- _DATA EXTRACT_
☆ ☆ ☆ ☆ ☆
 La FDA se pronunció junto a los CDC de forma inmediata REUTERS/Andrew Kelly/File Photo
☆ ☆ ☆ ☆ ☆
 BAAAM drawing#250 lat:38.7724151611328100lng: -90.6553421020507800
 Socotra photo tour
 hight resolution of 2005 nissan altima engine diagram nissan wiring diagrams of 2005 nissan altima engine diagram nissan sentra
☆ ☆ ☆ ☆ ☆
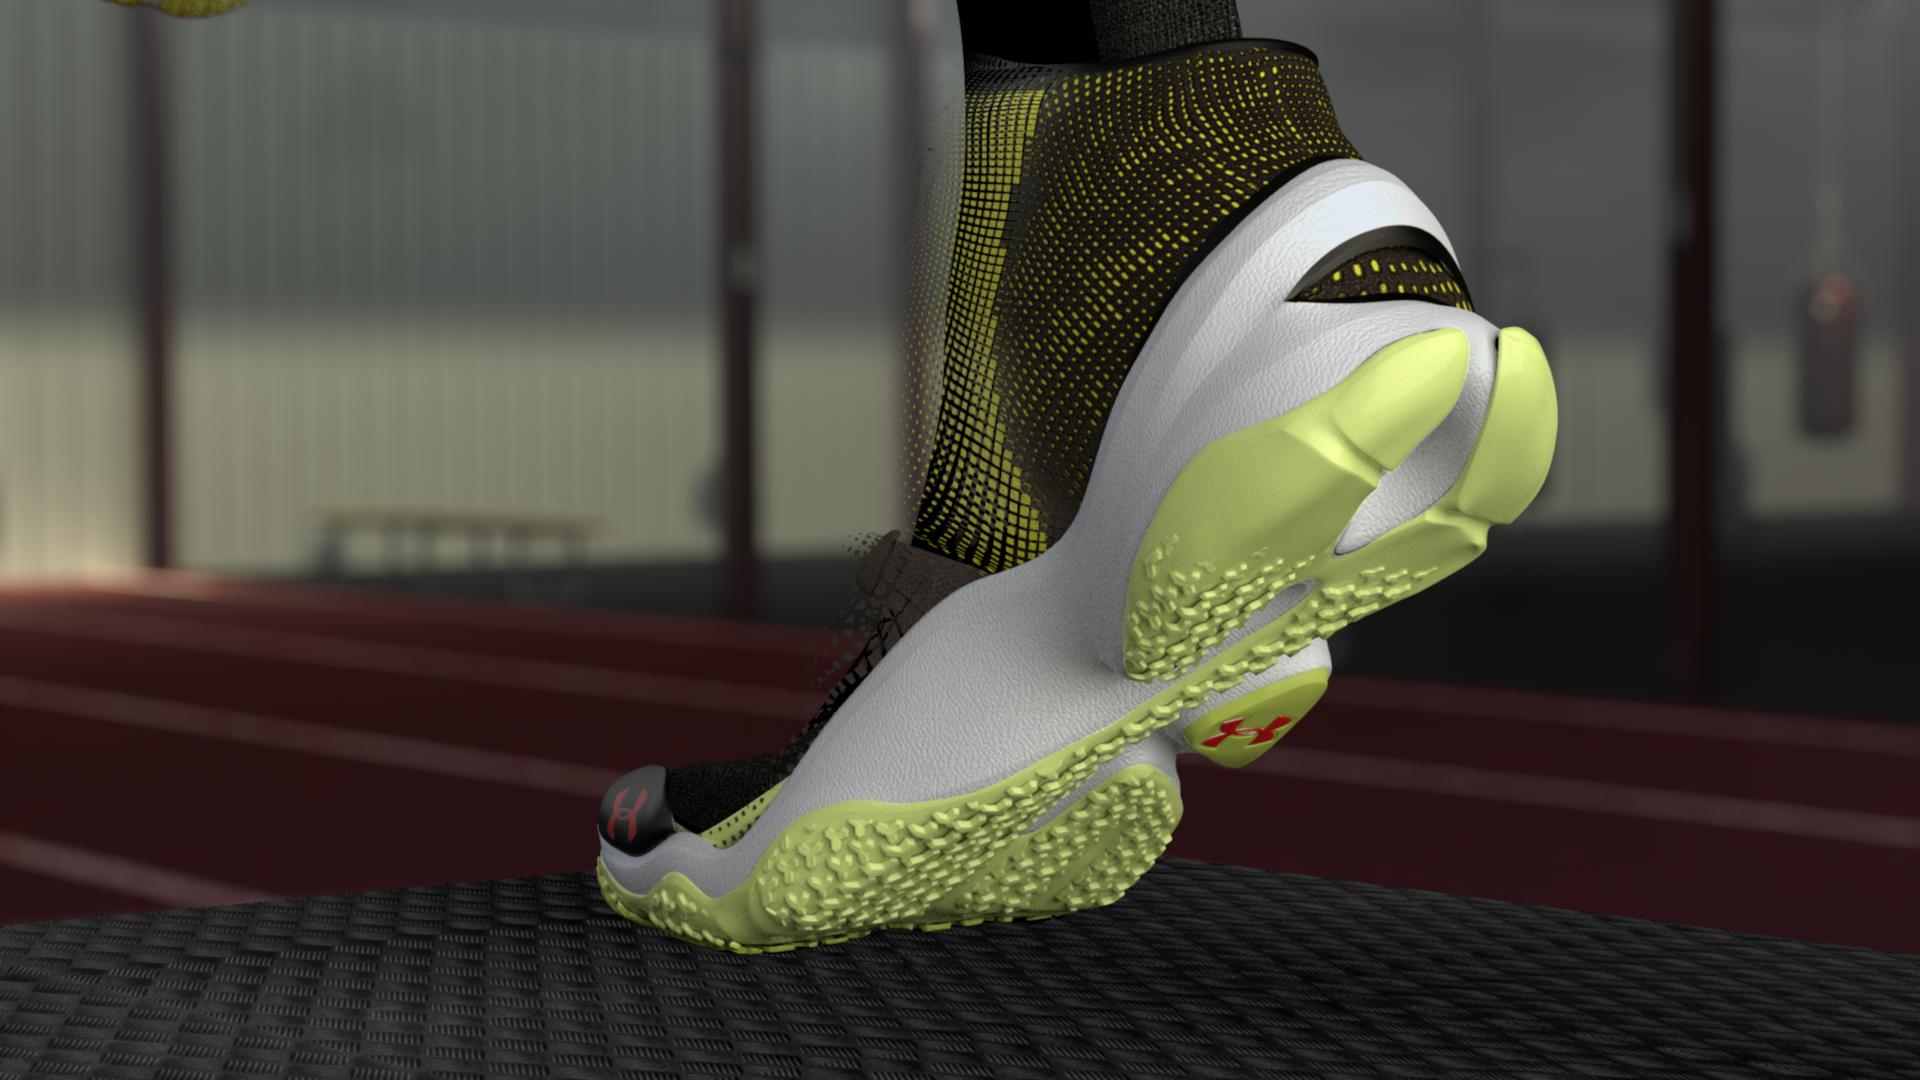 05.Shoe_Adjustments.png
☆ ☆ ☆ ☆ ☆
- _EXERCISE_
Please copy, exactly and with nothing else, the lines above beginning at the line that has "Socotra photo tour" and ending with the line that has "hight resolution of".

- _ANSWER AREA_
 Socotra photo tour
 hight resolution of 2005 nissan altima engine diagram nissan wiring diagrams of 2005 nissan altima engine diagram nissan sentra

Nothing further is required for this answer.